The George IV (also called George Four) was a public house and concert and dance venue at 144 Brixton Hill, in Brixton, London. At the junction with Waterworks Road, the venue in 2007 became the Southside Bar and later the Music Bar. Following its closure in 2012, it became a branch of Tesco.

== History ==
The George IV is marked on Stanford's 1864 map; the pub can be seen to the right of the Lambeth Water Works and Female Convict Prison on Brixton Hill at the junction with George Place. It does not appear on Whitbread's 1865 map, although the White Horse to the north is marked. An Ordnance Survey 1:2,500 map from 1874-75 shows the location of the George IV marked with the letters 'PH'. Bartholemew's 1908 map did not mark public houses, but it showed the road to the side of the pub as Waterworks Road.
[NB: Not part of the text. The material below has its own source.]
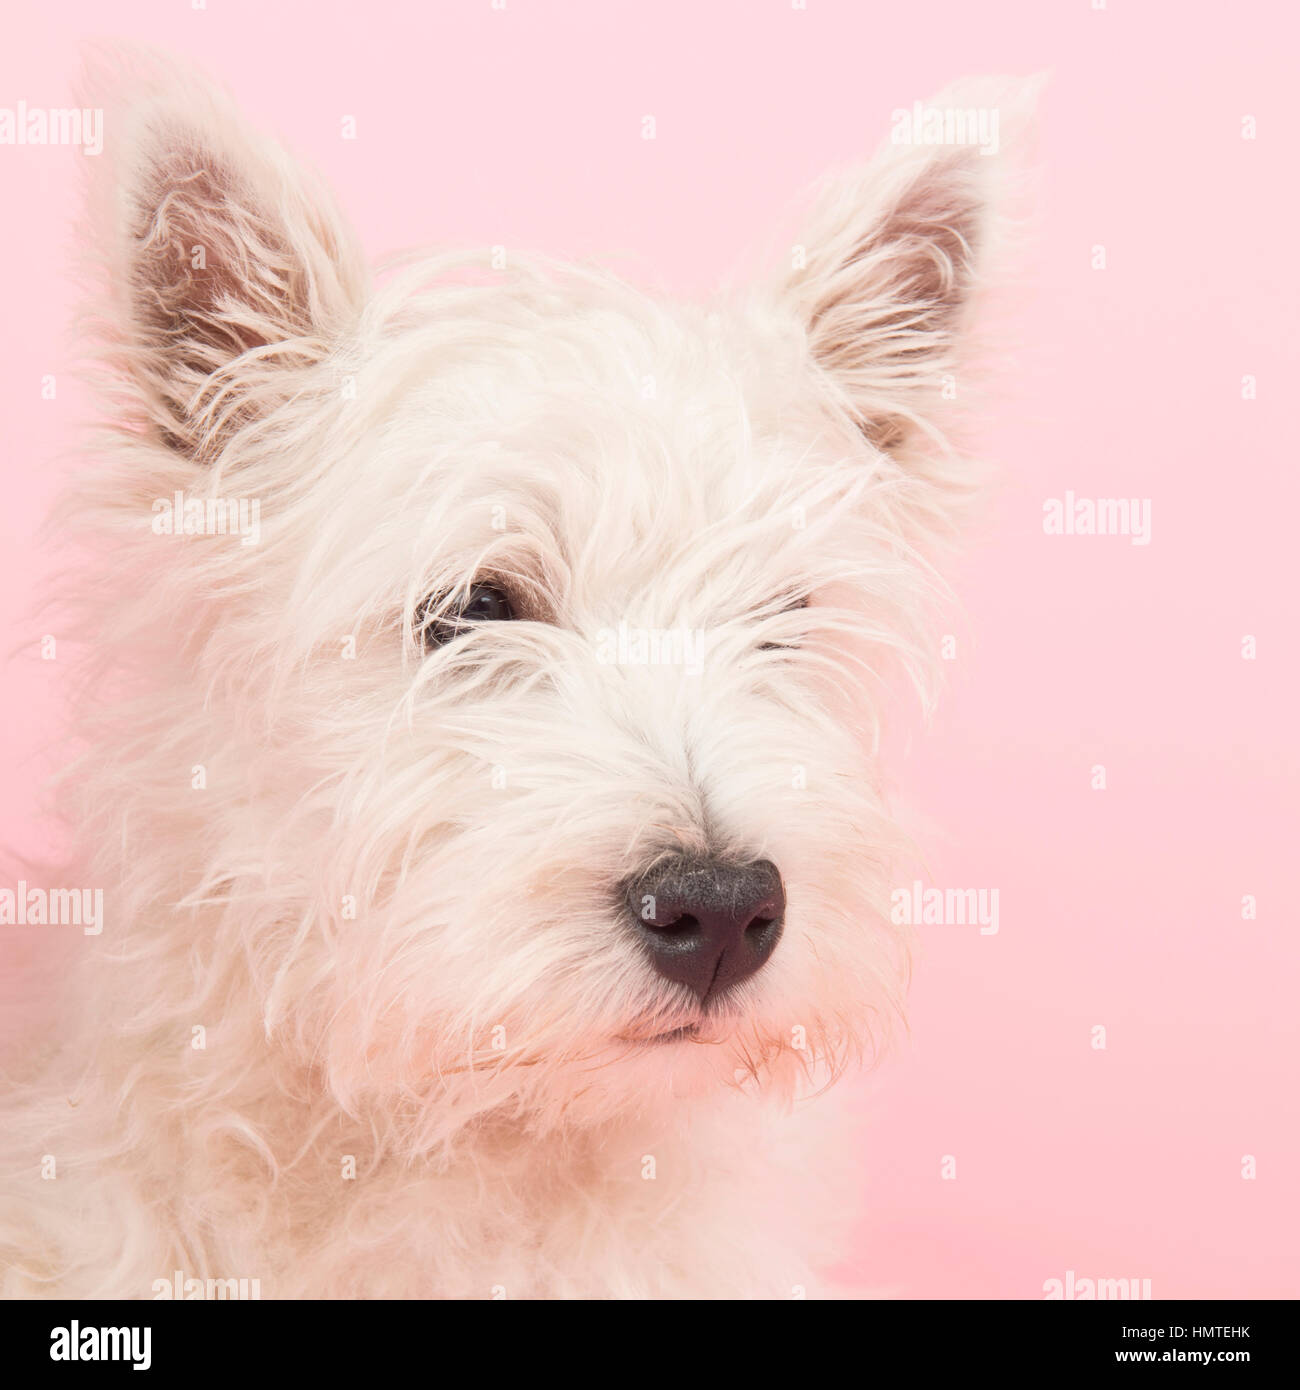 West Highland White Terrier or Westie or Westy Stock Photo

The 1901 census showed 144 Brixton Hill as The Telegraph public house. That could have been a clerical error during the census data's transcription - the same census also documented the existence of a Telegraph public house at 228 Brixton Hill. The 1901 census data list a licensed victualler, his wife, mother, three sons, daughter and niece as the occupiers of 144 Brixton Hill. There were also four servants: a housemaid, two barmen and a cook. The 1911 census showed 144 Brixton Hill as the George IV, with the same head of household as in 1901, and a total of 11 people living in the property.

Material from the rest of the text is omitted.